Active Voice: Restoring Knee Function to 'Normal' After ACL Reconstruction — Is It All About Quadriceps Strength?

By David R. Bell, Ph.D., ATC

Viewpoints presented in SMB commentaries reflect opinions of the authors and do not necessarily reflect positions or policies of ACSM.

David R. Bell, Ph.D., ATC, is a researcher and assistant professor in the Departments of Kinesiology and Orthopedics and Rehabilitation at the University of Wisconsin–Madison. He teaches in the athletic training program and serves as the director of the Wisconsin Injury in Sport Laboratory. His research focuses on improving outcomes following traumatic knee injury and identifying risk factors for injuries in youth athletes.

This commentary presents Dr. Bell's views on the topic of a research article which he and his colleagues had published in the October 2016 issue of
Medicine & Science in Sports & Exercise® (MSSE).

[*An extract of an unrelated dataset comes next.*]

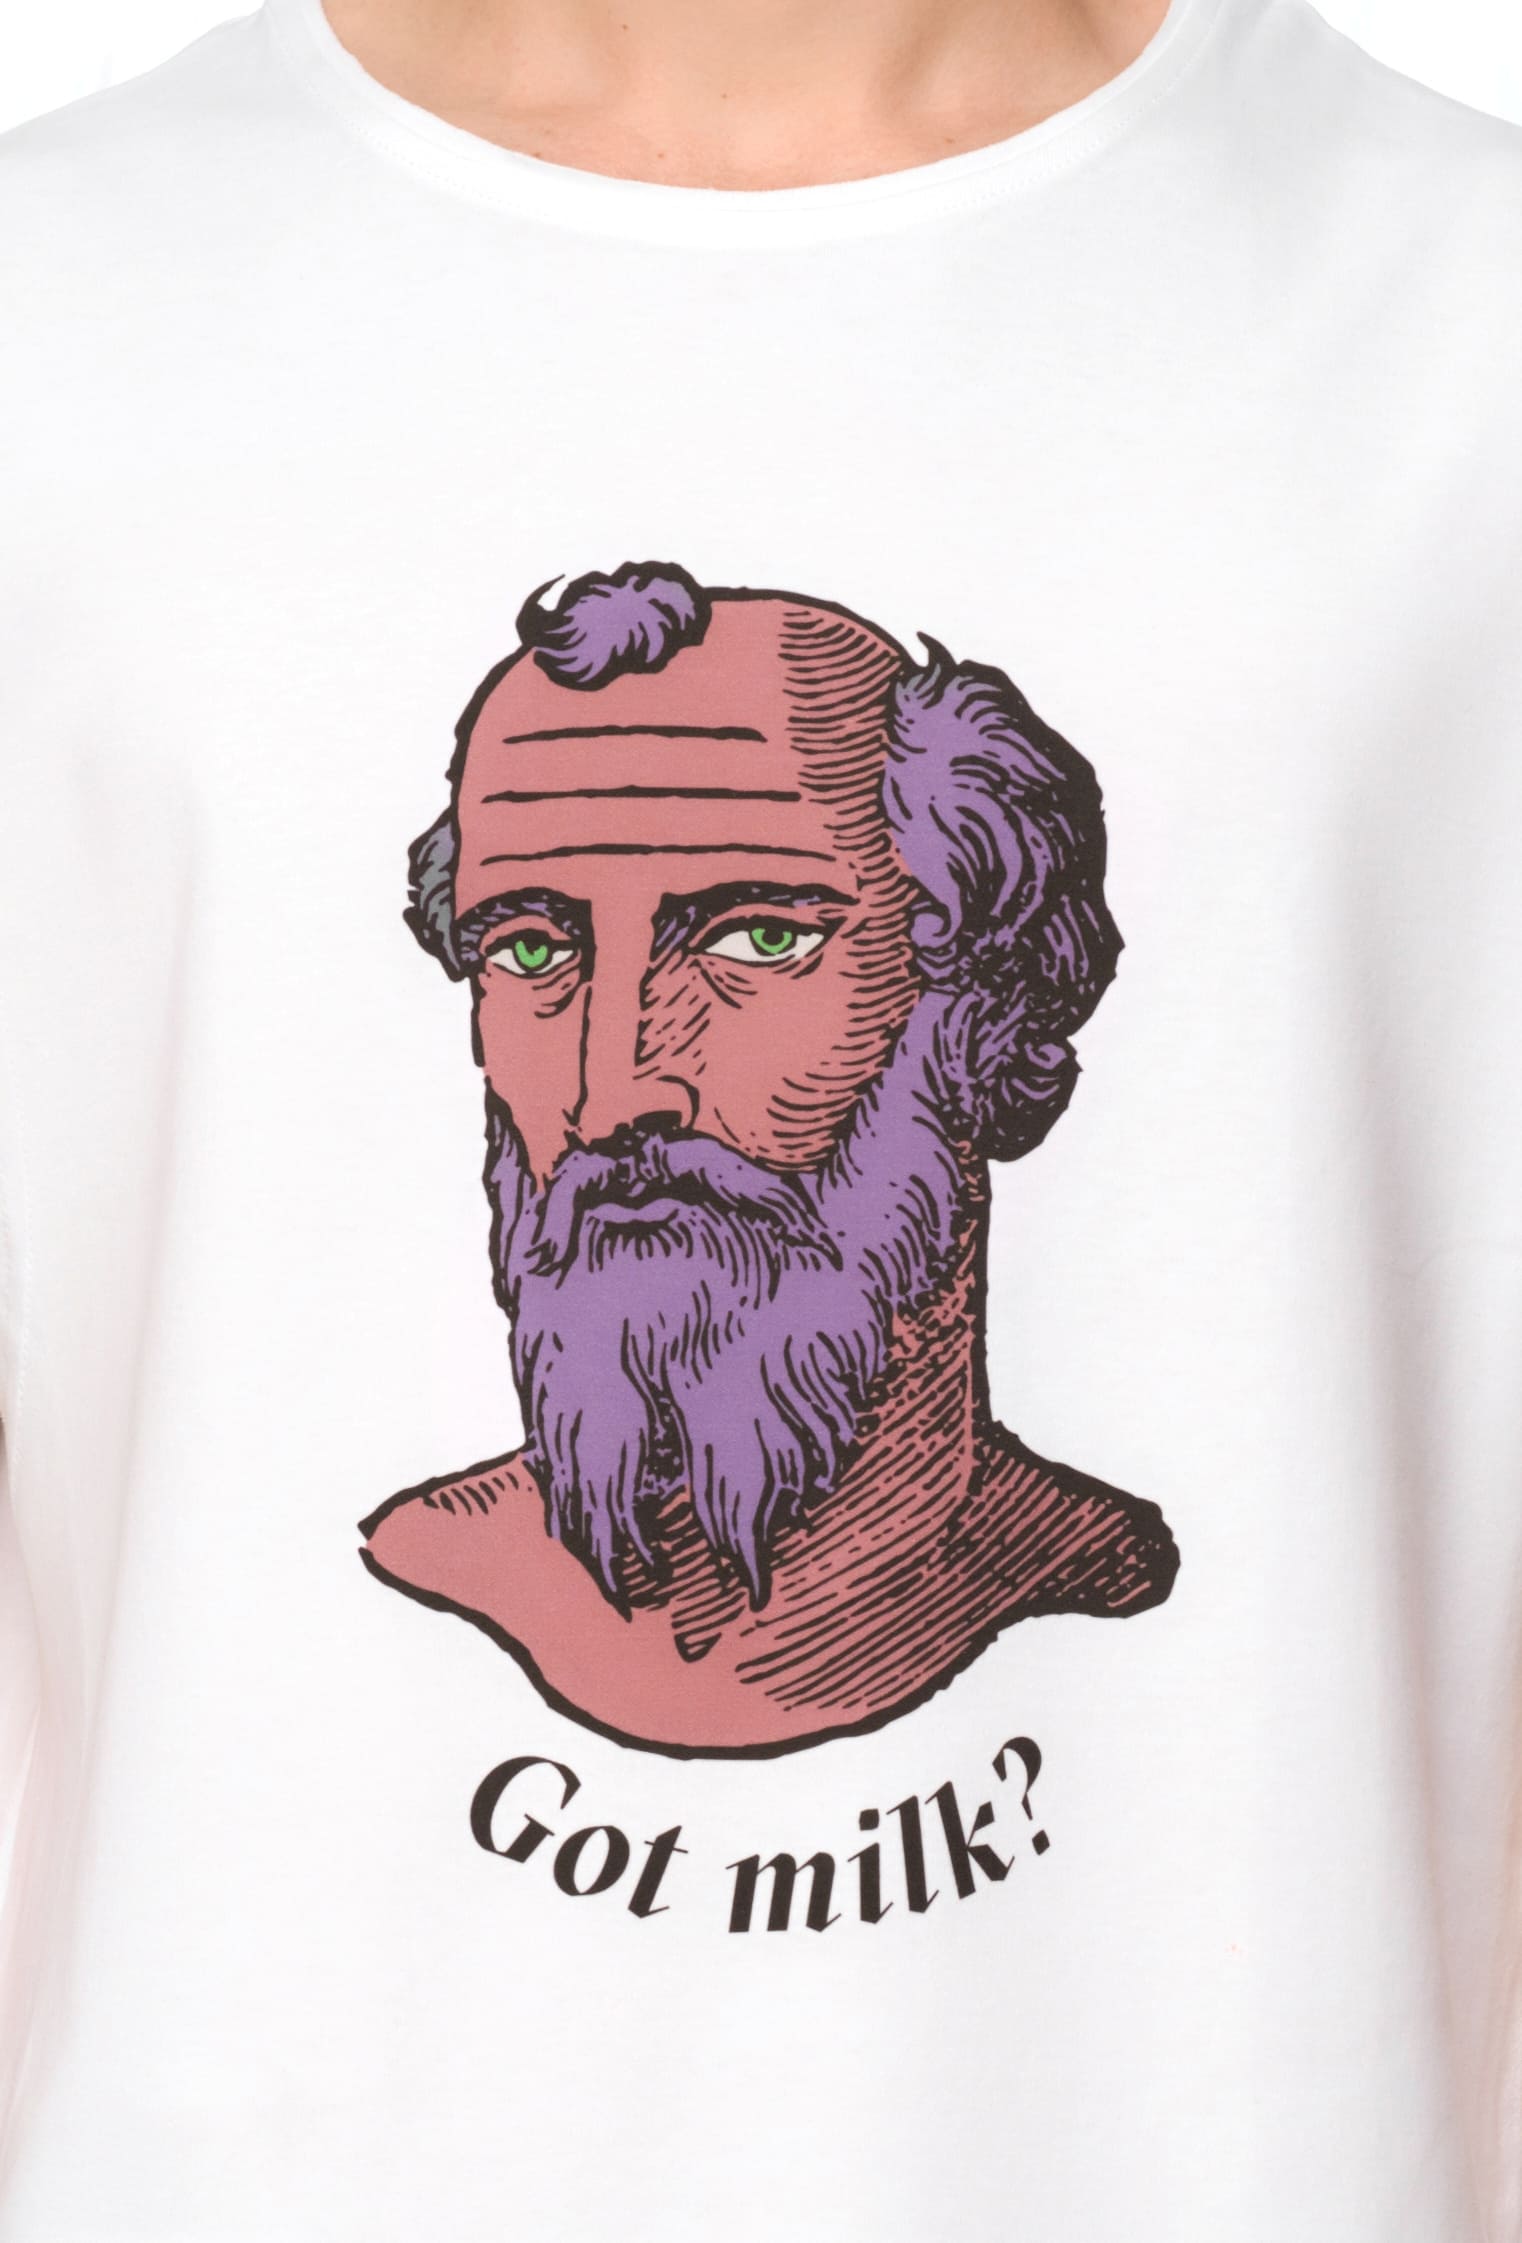 Got Milk? Top

Each fall semester I am reminded of the impending start of college football season, as the University of Wisconsin Marching Band hones their pre-game and halftime shows within ear shot of my office window. This ritual also serves as a reminder of how my career started — as an athletic training major almost 20 years ago. My early experiences were critical in my development as clinician, and later as a researcher — providing me first-hand opportunities to observe the impact of musculoskeletal injuries on athletes. I'll never forget the first time I was on the sideline with an athlete who had suffered an ACL injury, and the emotion I felt when informing the athlete and her parents of this life-altering injury. I also will never forget the joy I felt when that athlete stepped back onto the field after successful surgery and rehabilitation.

While rehabilitation after ACL reconstruction is multifaceted, one of the most critical outcomes consistently identified in the literature is the importance of restoring quadriceps strength. Poor quadriceps strength has been linked with poorer surgical outcomes, including the patient feeling worse about his or her knee. Biomechanical studies have demonstrated that patients with quadriceps strength deficits often shift torque demands away from the knee extensors to the hip during functional tasks.

One of the questions we attempted to answer in our study, reported in the October 2016 issue of MSSE, is that of what happens to hip strength in patients with quadriceps weakness after ACL reconstruction. We assessed isometric strength bilaterally in 135 participants (73 healthy and 62 with unilateral ACL reconstruction — approximately 30 months after surgery) involving assessments of both the knee and hip musculature. Those with ACL reconstruction were further subdivided by quadriceps strength into “strong” (LSI = 90%) and “weak” (LSI < 85) categories, based on Limb Symmetry Index scores (LSI = injured limb / healthy limb * 100). We observed that patients with weak quadriceps had increased strength of the hip extensors and tended to have stronger hip abductors. Interestingly, we observed no differences in other variables commonly evaluated in this population, including hopping distance and subjective assessments of knee function.

The take-home point of our study is that patients with poor quadriceps strength potentially compensate for this issue by increasing hip strength. Thus, they can maintain similar function when compared to patients with strong quadriceps. These findings have implications for clinical practice. We assessed patients using inexpensive tools commonly found in the rehabilitation setting and created the strong and weak quadriceps groups using logical clinically based criteria that can be interpreted even by the most novice of clinicians. However, the implications of these findings on long-term knee health are still unclear.

I think back to my first ACL tear patient and wonder: Where is she now? How is her knee? The reality is we do not know what happens to many of our patients after they leave our care. We know even less about how their surgical outcomes influence factors vital for long-term health, including participation in life-long physical activity. This idea also is reflected in the literature, as we know very little about these populations during the time between ACL reconstruction and the development of osteoarthritis. Long-term follow up studies are needed and, while difficult to perform, are vital to understanding the factors most relevant to our patient’s overall health and quality of life.